Isilon are now surfacing up a bunch of device capabilities with VASA. These are now visible in the vSphere client when examining datastores.



ARCHIVE Datastore resides on Isilon NL-series hardware
CAPACITY Datastore resides on Isilon X-Series hardware
HYBRID Datastore resides on a mixed Isilon hardware configuration
INVALID Datastore resides on a mixed Isilon hardware configuration
PERFORMANCE Datastore resides on Isilon S-Series hardware or SSD accelerated storage
ULTRA_PERFORMANCE Datastore resides on Isilon S-Series hardware with SSD acceleration
UNKNOWN The Storage Capability for this object is Unknown

This is great to see. Isilon customers who deploy the VASA plugin along with upgrading to the Mavericks release can now reap the full benefits of VMware’s Profile Driven Storage feature. What this means is that deployments of VMs will always be error free, allowing you to select the correct datastore for your VM each & every time. The other benefit is that you can constantly check the compliance state of your VMs storage throughout its life-cycle (e.g. detect if someone inadvertently migrated to a lower tier of backing storage). You can learn more about Storage Profile but this blog post I did on the vSphere Storage Blog.

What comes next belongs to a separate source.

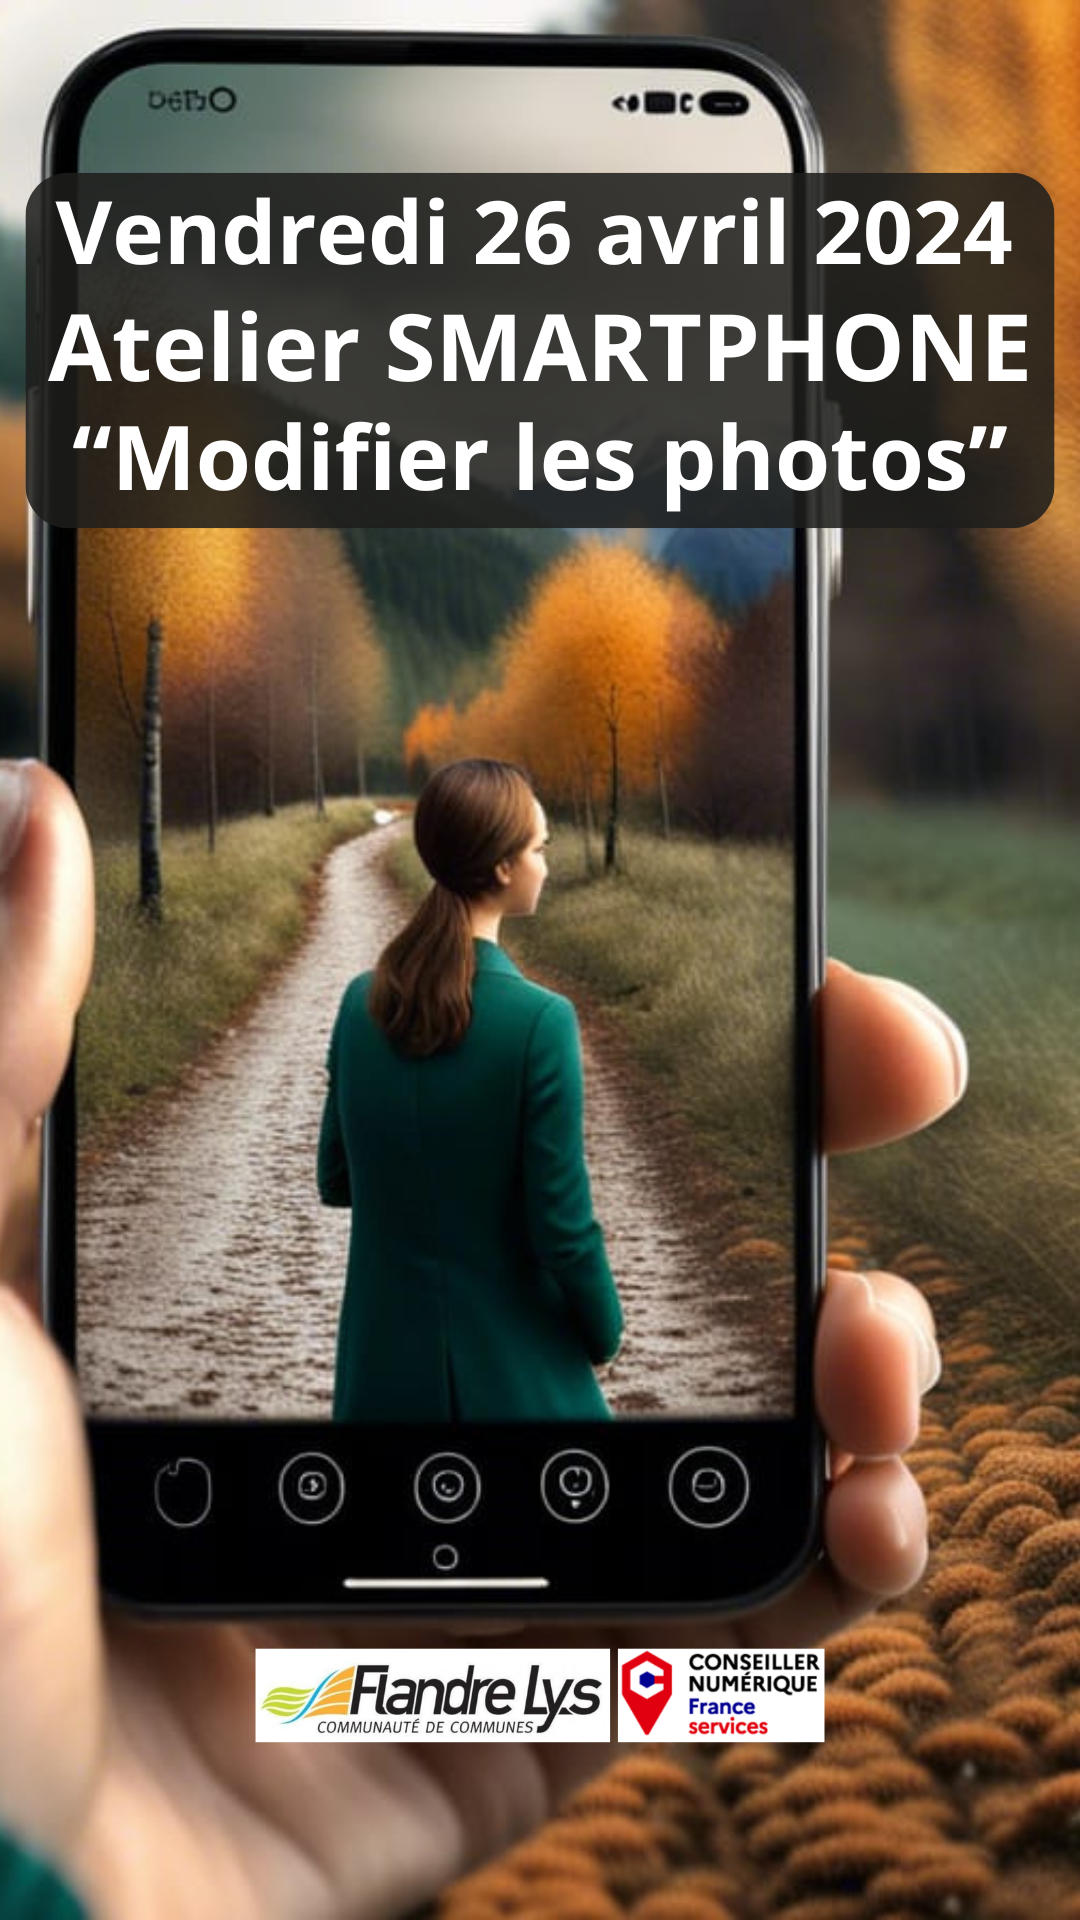 ATELIER SMARTPHONE "Modifier les photos"
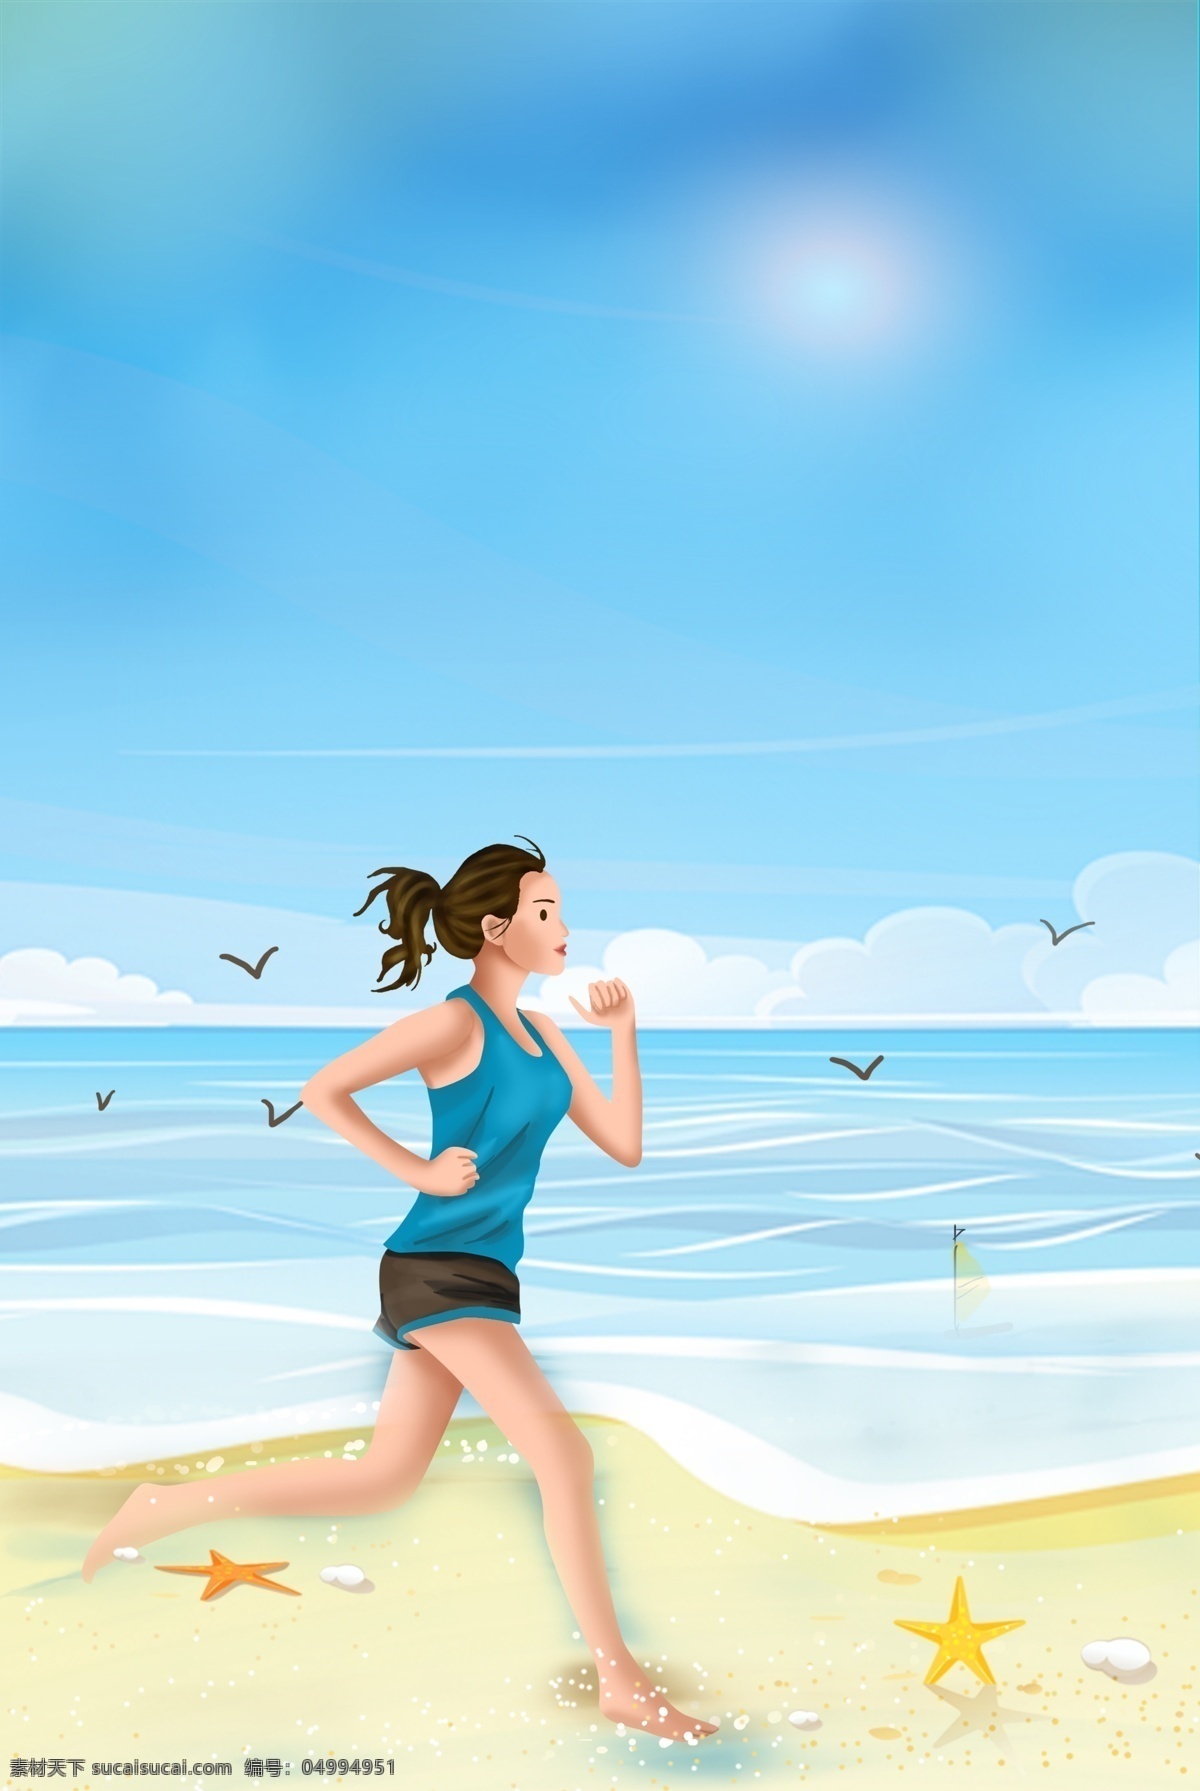 海边 散步 锻炼 场景 海边散步 运动 健身 跑步 健康 锻炼身体 健身房 户外活动

We don’t have enough vendors doing offloading with VAAI NAS, so it is a welcome sign to see Isilon introduce this. And I certainly like the VASA capability descriptions that they are surfacing up – I think this make it nice and clear to Isilon customers what sort of device(s) are backing their respective datastores.

EMC are a diamond sponsor at this years VMworld 2012 in San Francisco. I’m sure Jay, James and the rest of the Isilon team would be delighted to show you these new features. You’ll find those guys at booth 1203.